- Your task
Using the material below, print a verbatim copy of every line from the one containing "Krickettes Gift Shop" through the one containing "NORSKE TROPPER: Norske", inclusive, and omit the pictures.

- Data supplied
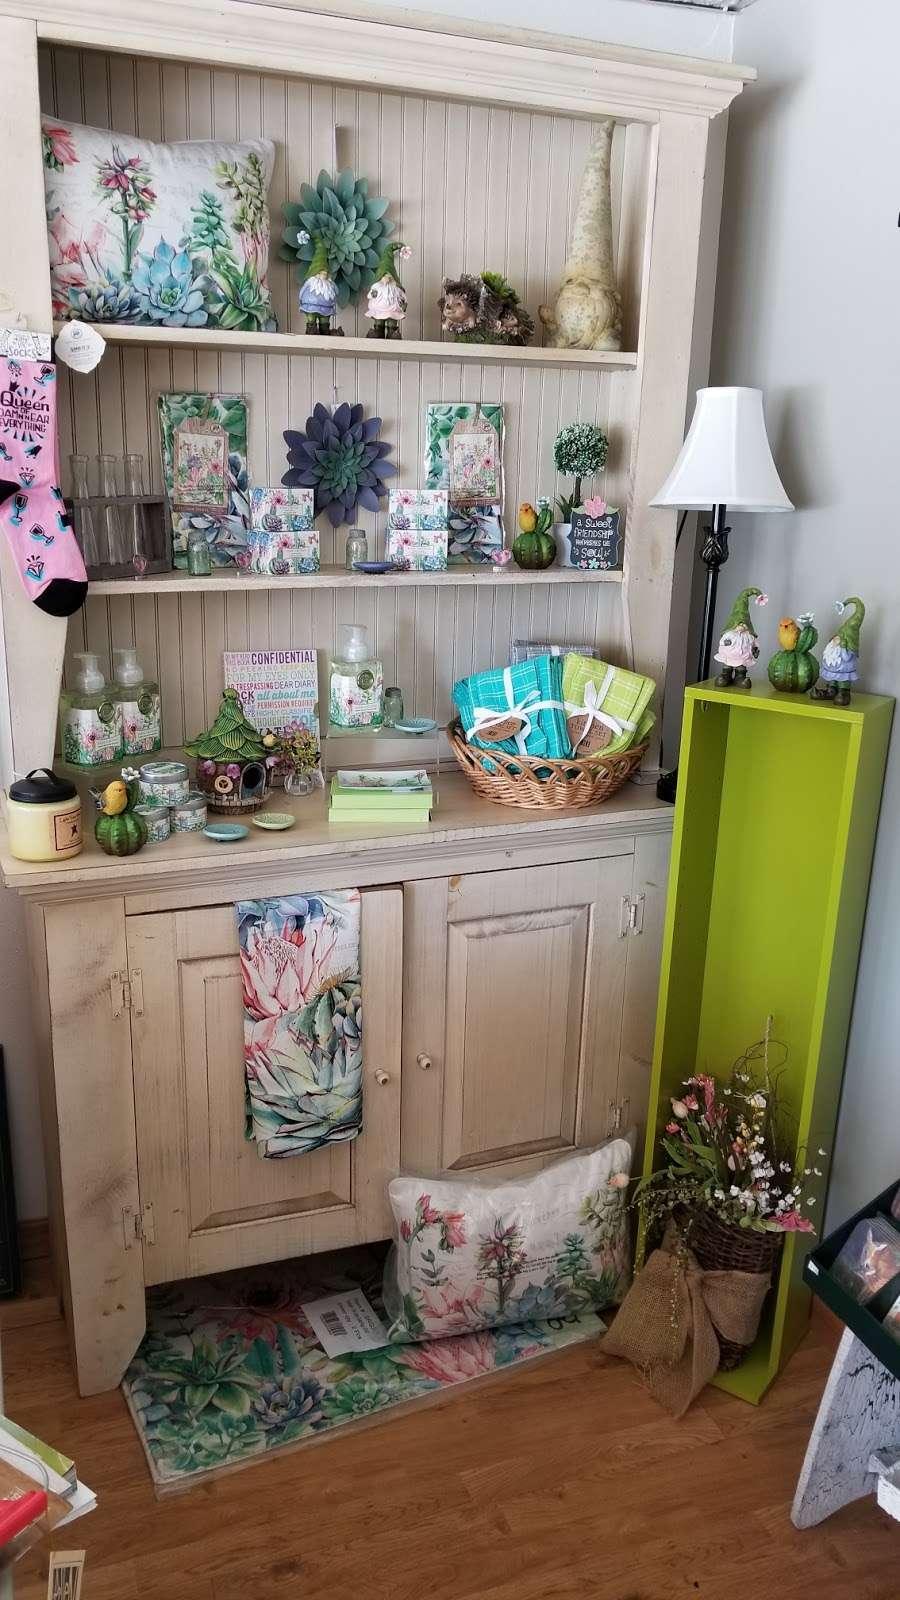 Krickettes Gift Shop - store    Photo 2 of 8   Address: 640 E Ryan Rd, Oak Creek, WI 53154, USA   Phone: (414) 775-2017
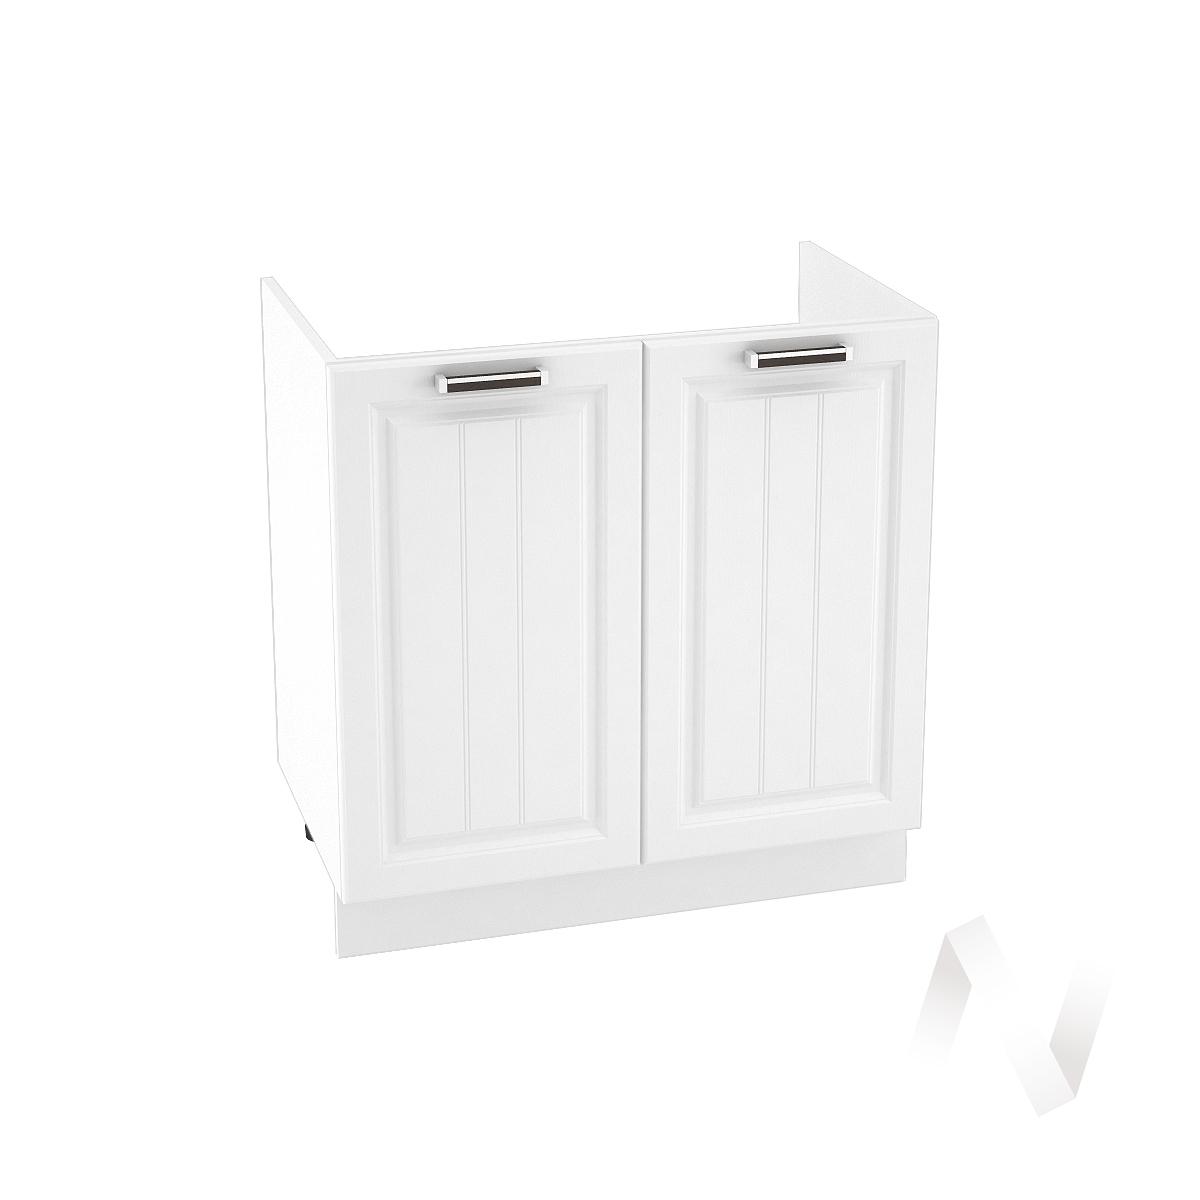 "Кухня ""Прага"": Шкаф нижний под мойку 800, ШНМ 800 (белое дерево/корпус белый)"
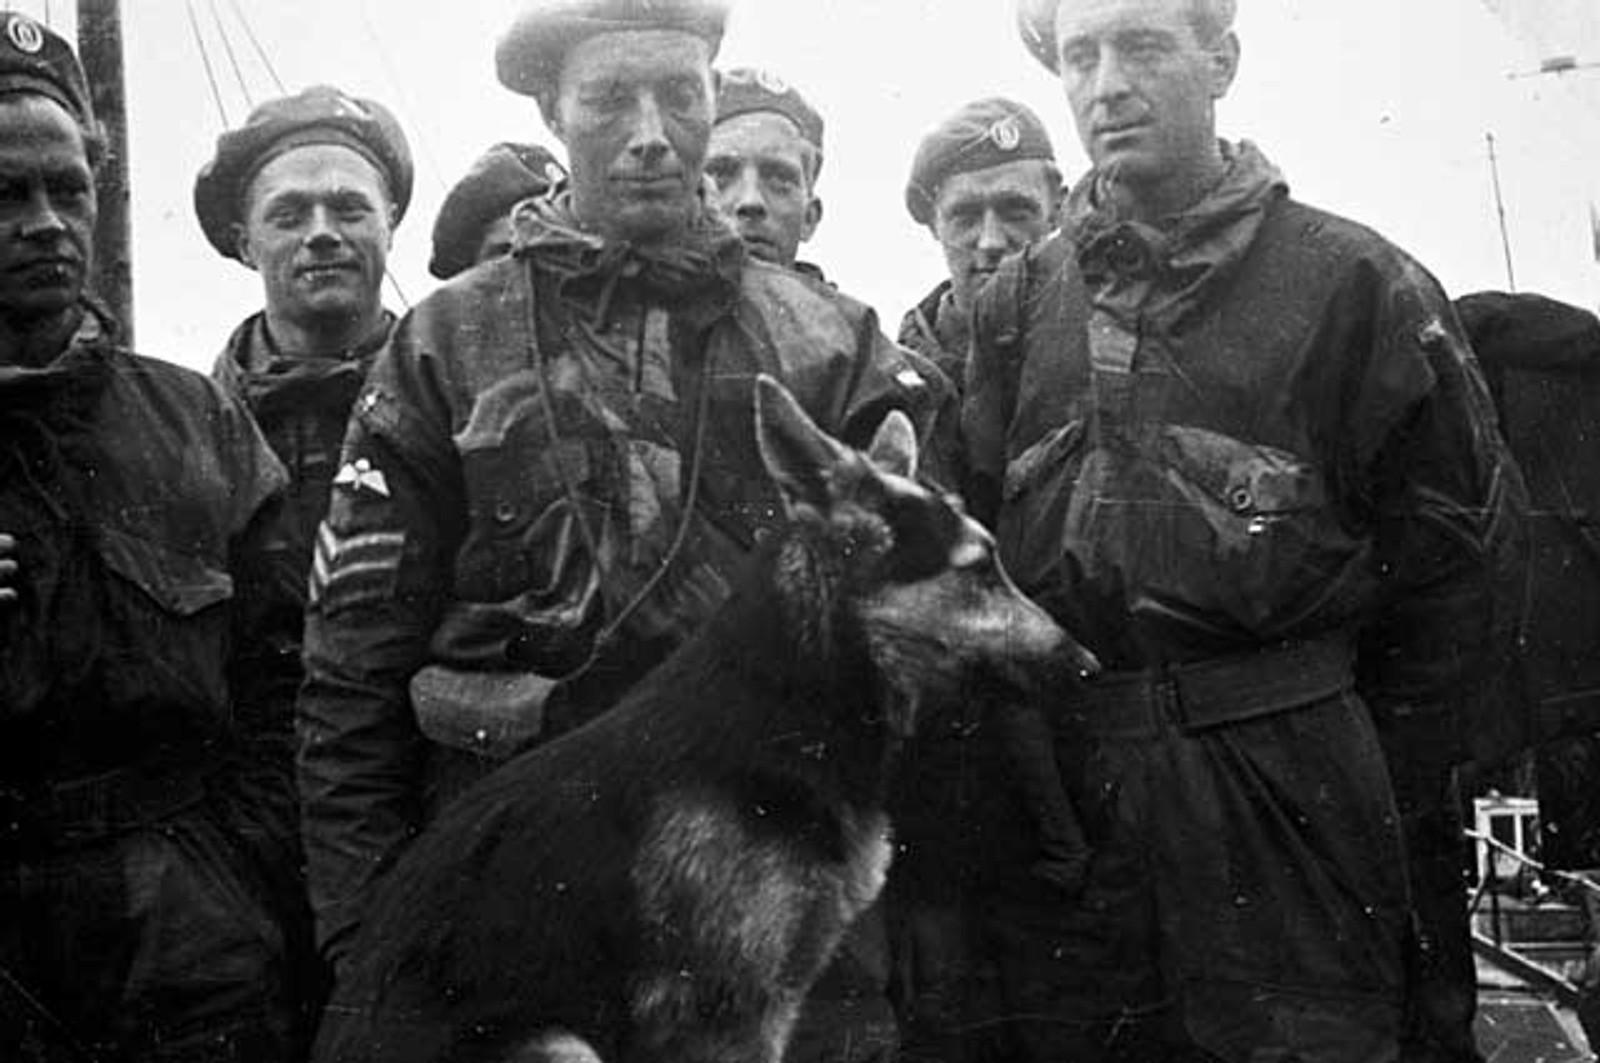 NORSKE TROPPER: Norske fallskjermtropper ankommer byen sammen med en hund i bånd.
---
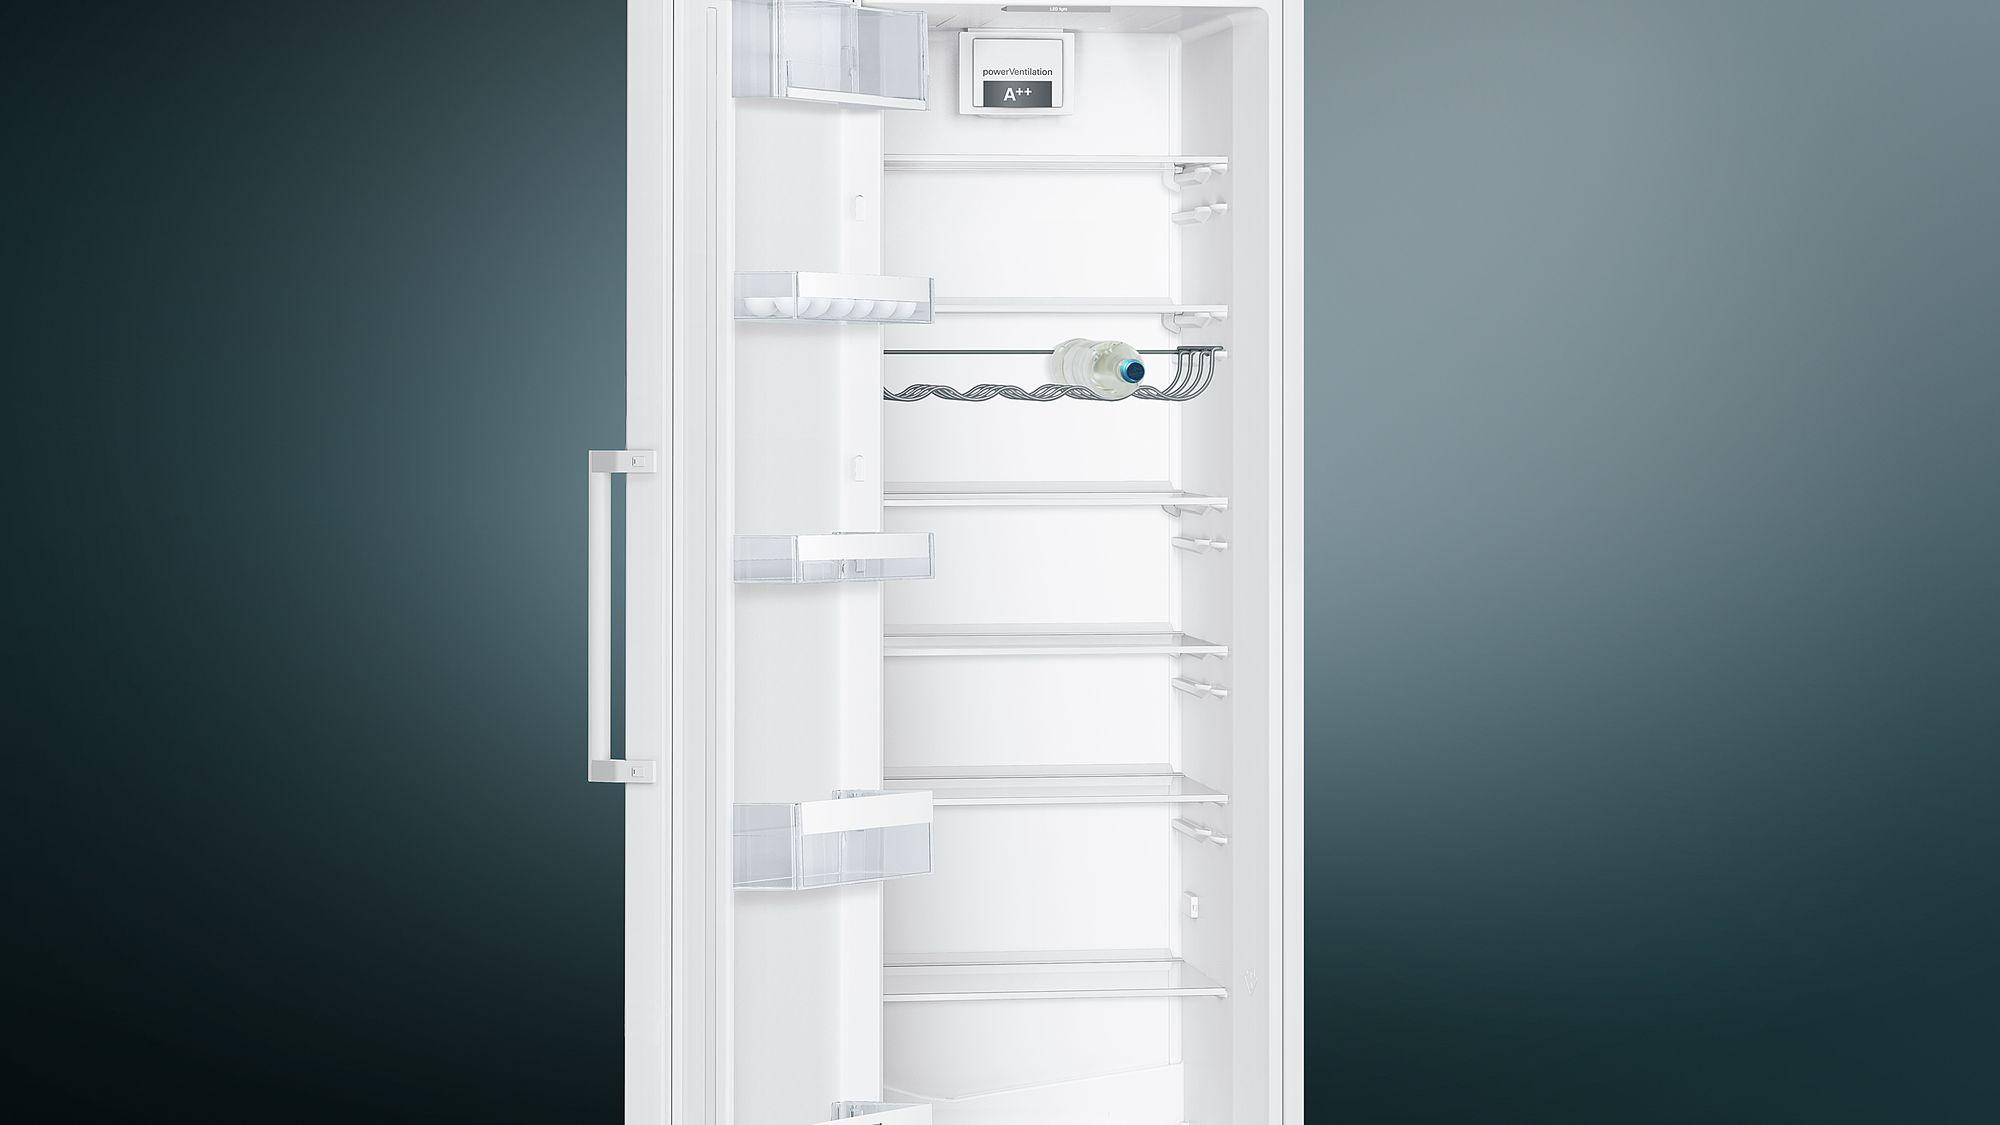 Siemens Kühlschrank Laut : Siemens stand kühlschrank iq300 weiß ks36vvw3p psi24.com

- Reply to the exercise
 Krickettes Gift Shop - store    Photo 2 of 8   Address: 640 E Ryan Rd, Oak Creek, WI 53154, USA   Phone: (414) 775-2017
 "Кухня ""Прага"": Шкаф нижний под мойку 800, ШНМ 800 (белое дерево/корпус белый)"
 NORSKE TROPPER: Norske fallskjermtropper ankommer byen sammen med en hund i bånd.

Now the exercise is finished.